Reinforcement and punishment are fundamental processes that shape animal learning. Reinforcement maintains or increases, while punishment decreases, the probability of specific behavior1,2. Dysfunction in these processes contributes to many psychiatric disorders. For example, addiction is characterized by heightened reinforcement from drug-paired stimuli, coupled with impaired punishment from negative consequences3. In contrast, depression is marked by impaired reinforcement from positive stimuli, and heightened punishment from negative stimuli4. While the striatum is implicated in both reinforcement and punishment, the specific roles of the two populations of striatal projection neurons are not well understood. Here, we tested the hypothesis that D1-expressing direct pathway medium spiny neurons (dMSNs) mediate reinforcement, while D2-expressing indirect pathway neurons (iMSNs) mediate punishment5–9.
In order to selectively activate dMSNs or iMSNs in vivo, we expressed channelrhodopsin-2 (ChR2) in the dorsomedial striatum using a Cre-dependent viral strategy10. We first characterized the effects of ChR2 stimulation on dMSNs in awake behaving mice with in vivo electrophysiology, utilizing microwire arrays that included an integrated optical fiber (Fig.

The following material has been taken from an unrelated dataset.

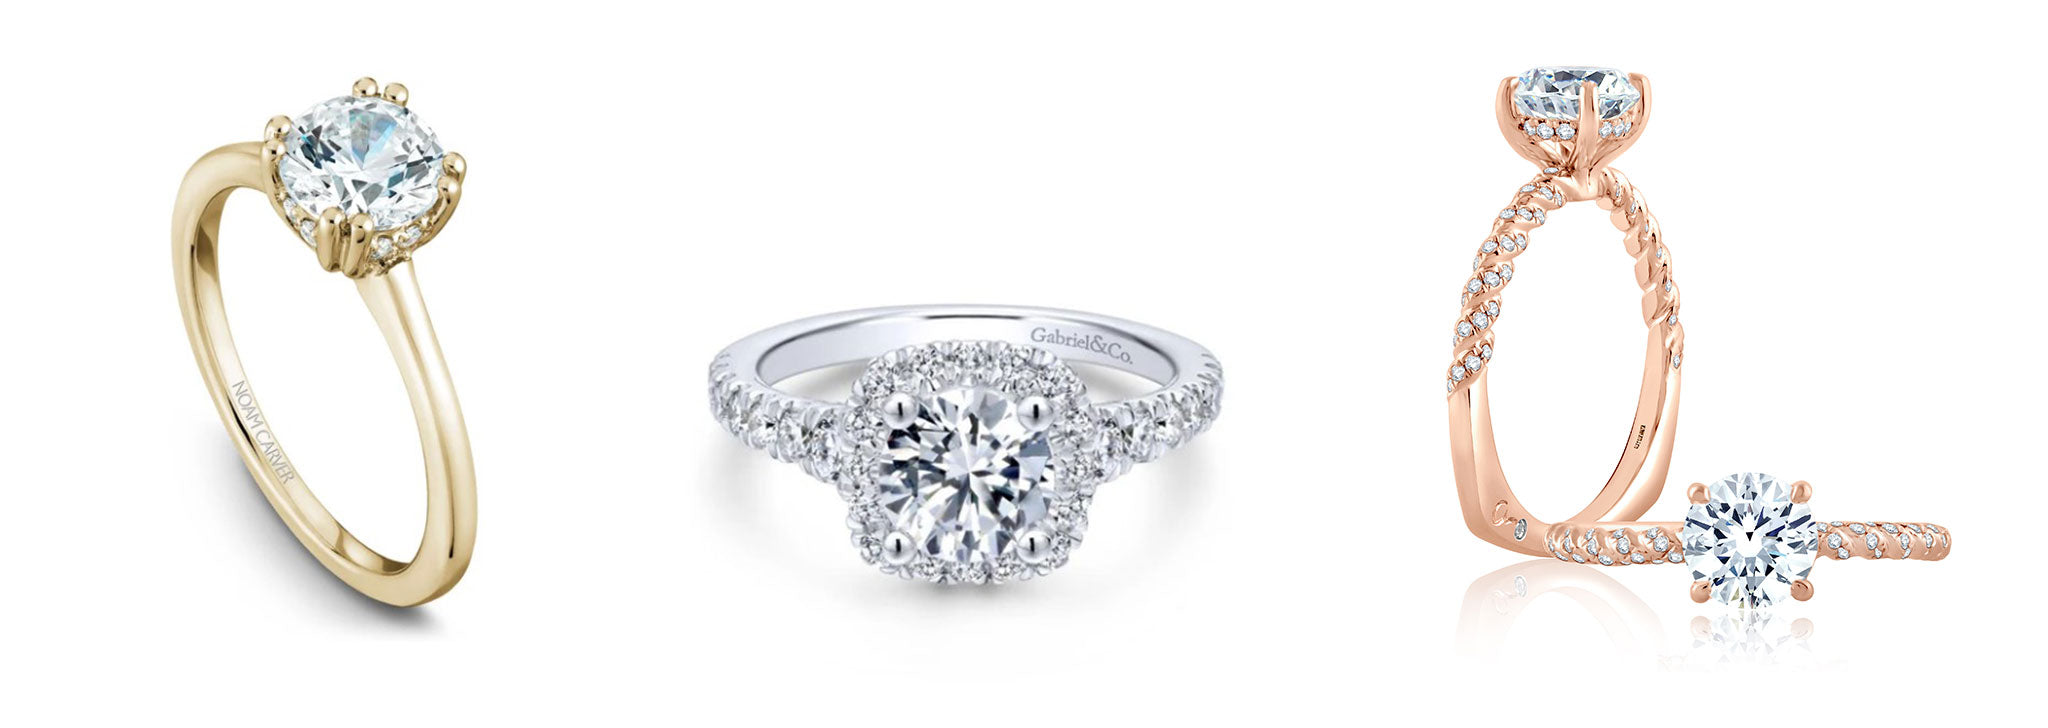 A Guide To Platinum Wedding Rings | The Wedding Avenue

S1a, b). Each of 48 recorded neurons (n=3 mice) was illuminated at four laser intensities (0.1mW, 0.3mW, 1mW, and 3mW, 1 s constant illumination). We concluded that neurons expressed ChR2 (and were therefore dMSNs) if they exhibited a significant increase in firing within 10msec of the laser onset at any laser power (Fig. S1 c-g). Spiking data from recorded neurons in this experiment is available for download at http://uri.neuinfo.org/nif/nifstd/nlx_144028. Overall, 19 (40%) neurons were identified as dMSNs. Importantly, there were no significant differences between waveform characteristics or sorting quality of recording channels that contained ChR2-positive MSNs vs. those that did not (Table S1). Average firing rates and total number of ChR2-responsive dMSNs increased with higher laser intensity, demonstrating that higher laser intensity caused more MSN activation (Fig. S1 h-j).

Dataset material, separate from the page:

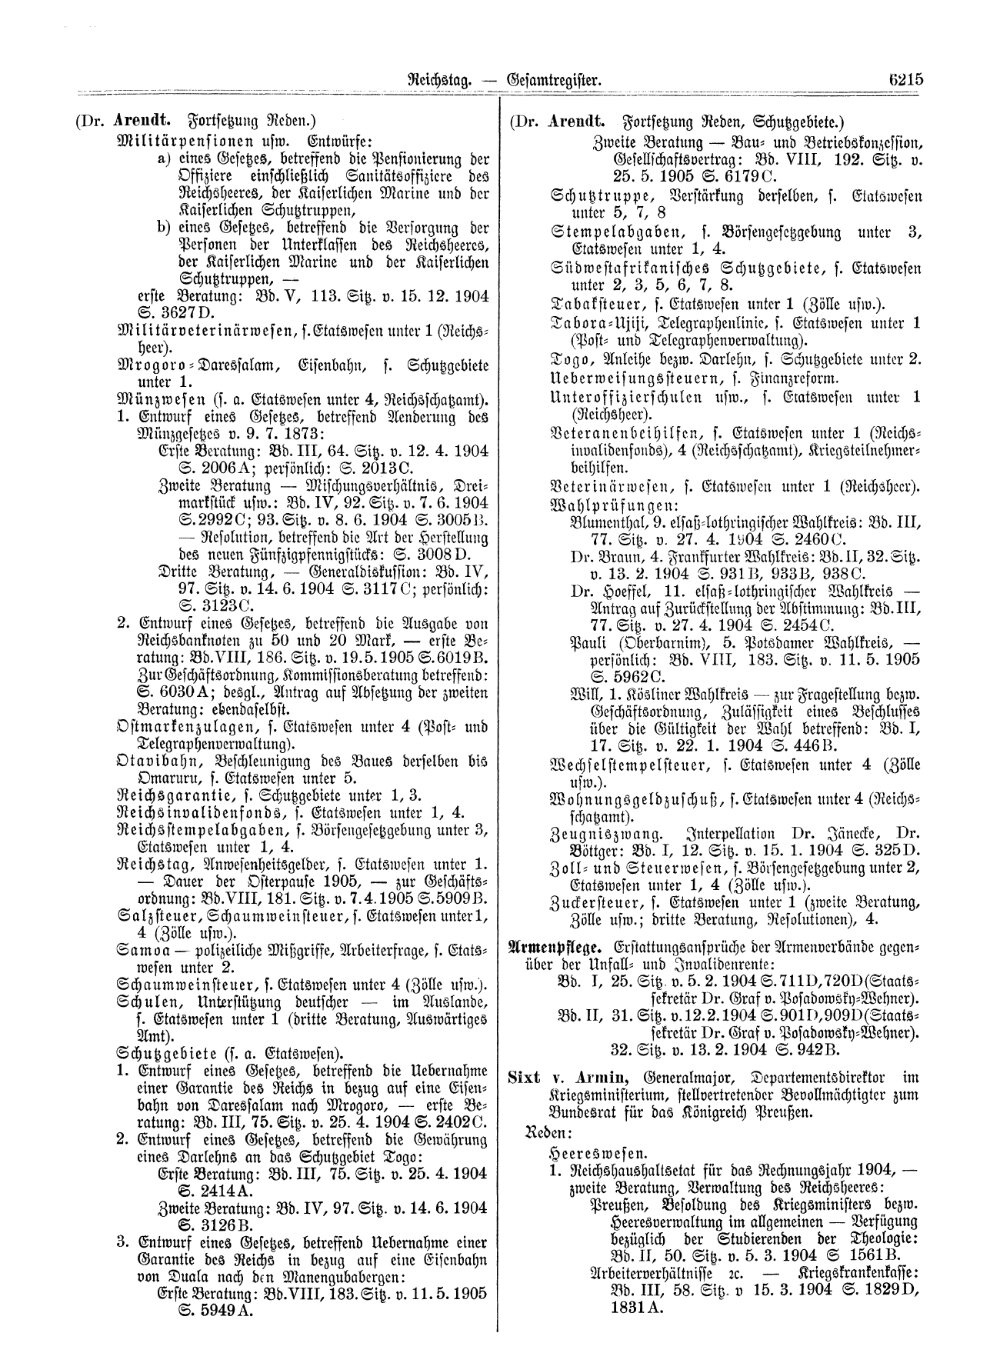 Scan of page 6215

To investigate reinforcement, mice expressing ChR2 in dMSNs or iMSNs (termed dMSN-ChR2 or iMSN-ChR2 mice, respectively) received bilateral fiber optic implants targeting the dorsomedial striatum (Fiber placements for all experiments in the main text are presented in Fig. S2). The dorsomedial striatum was targeted due to its role in reinforcement and action selection5,8,9,11. Mice were placed in an operant box that contained two triggers, one that activated a 1mW laser (1 s constant illumination, delivered bilaterally) and one that was inactive (Video S1). The capacitive touch sensors were crucial for this experiment because they are much more sensitive than lever-press or nose-poke manipulanda, which allowed us to observe both increments and decrements in responding. We tested three groups of naïve mice in this task: dMSN-ChR2 mice (n=8), iMSN-ChR2 mice (n=8), and control mice that expressed YFP in dMSNs (n=4) or iMSNs (n=4). Data from dMSN-YFP and iMSN-YFP control mice were combined as neither group showed any significant effects (Fig. S3, Table S2) (all p>0.25 when the below analyses were run on each group independently). All groups completed one 30-min training session each day for three consecutive days.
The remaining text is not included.